Becoming aware of the mind’s efforts to “help” and “protect” allow us to explore beyond. We can look at the feelings of anxiety and excitement — the human experience of these two emotions is identical. Elevated heart rate, shortness of breath, extremely dilated or contracted pupils, increased body temperature, a fluttering sensation in the stomach, adrenaline prickling in the fingers. In fact, anxiety is a state of excitement, yet we often consider anxiety “bad” and excitement, “good”. Likewise we can see the similarities between worrying and wishing. Both are fantasizing about for something that hasn’t happened yet. When we worry we are projecting negative fantasies on our future based on current events. When we wish, we are imagining positive outcomes for upcoming choices. Instead of letting the primitive mind drag you back to the depths of its cave by the hair, try shifting language.

“What if this works out better than I imagined?”

“What if it all goes right?”

“What if what I want happens sooner than I think? Am I ready now?”

“What if I have everything I need to become who I want to be?”

“What if they love me as I am?”

“What if I could get anything I wish for?”
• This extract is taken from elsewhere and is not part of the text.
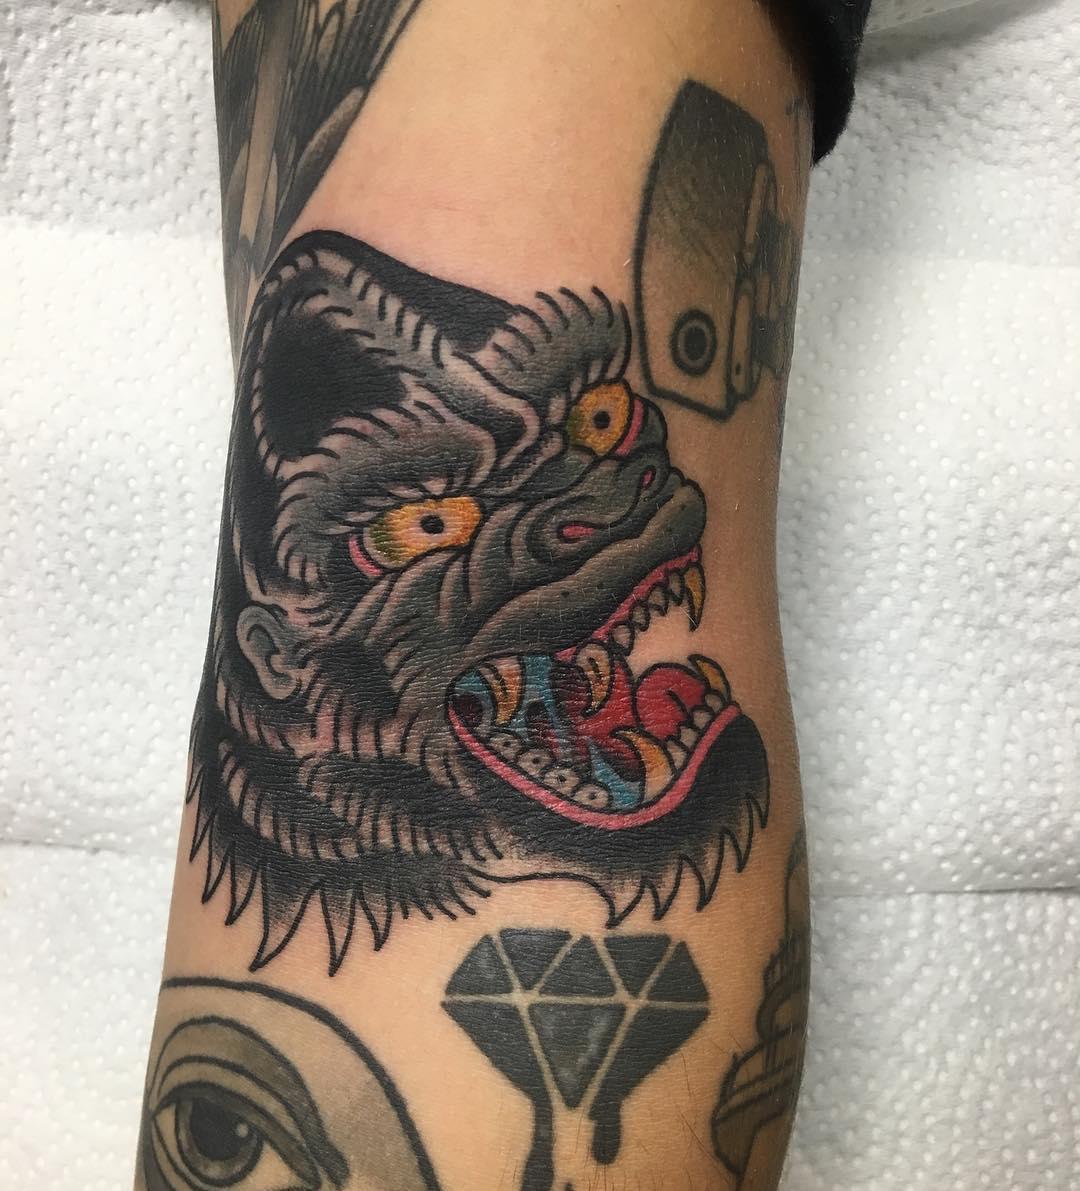 tumblr-reuben-todd-kapala-tattoo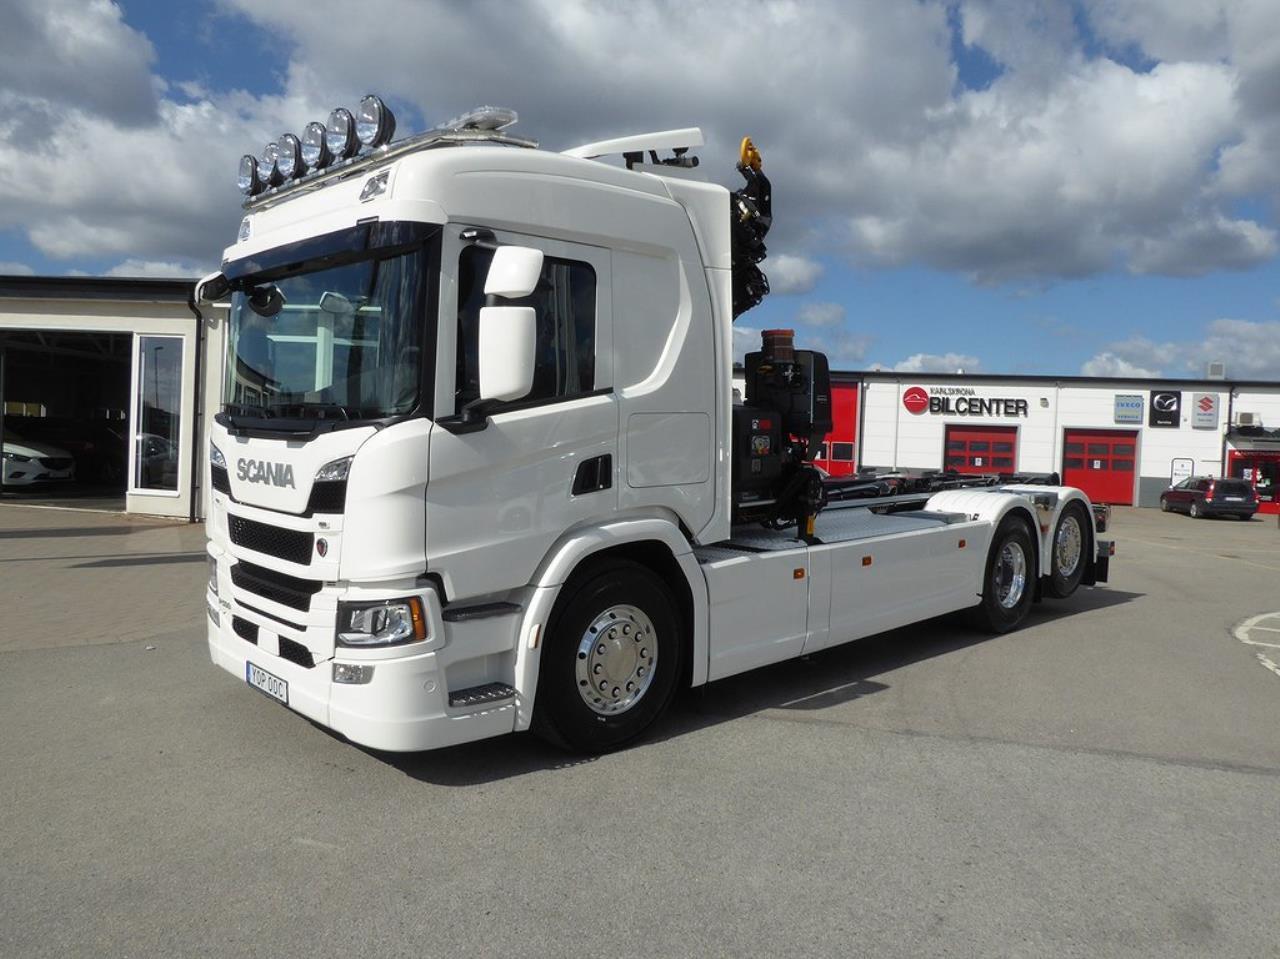 Scania G500 6x2*4 Kranväxlare  2021 - Krok/Lastväxlare

The world of possibility that opens up once the upper limit is raised or removed (if that’s even possible), becomes akin to another dimension. No longer bound by self-imposed, cultural or societal restraints, you are free to develop and grow. What’s even more interesting is that there is a booming subculture of people who work to lower the bottom limit — increasing the tolerance to discomfort, pain, and endurance. They take ice baths and cold showers and fast for days and run hundreds of miles without sleep. It is seen as extreme and adventurous and courageous. Lower the bar! Increase the pain threshold! Stay hard! If you apply the pressure to both and move both of those limits outwards, the range of your human experience has multiplied massively. I ask of you, of myself, of all of us — can we dedicate the same care, time and attention to pushing the upper limit higher as well? To spend as much time fantasizing about the best possible outcome as we do worry about the worst case scenario? We are not here to pay bills and die, we are running out of years, if now is not the time to push upwards, then when? What if the possibility for it to all work out is right around the corner?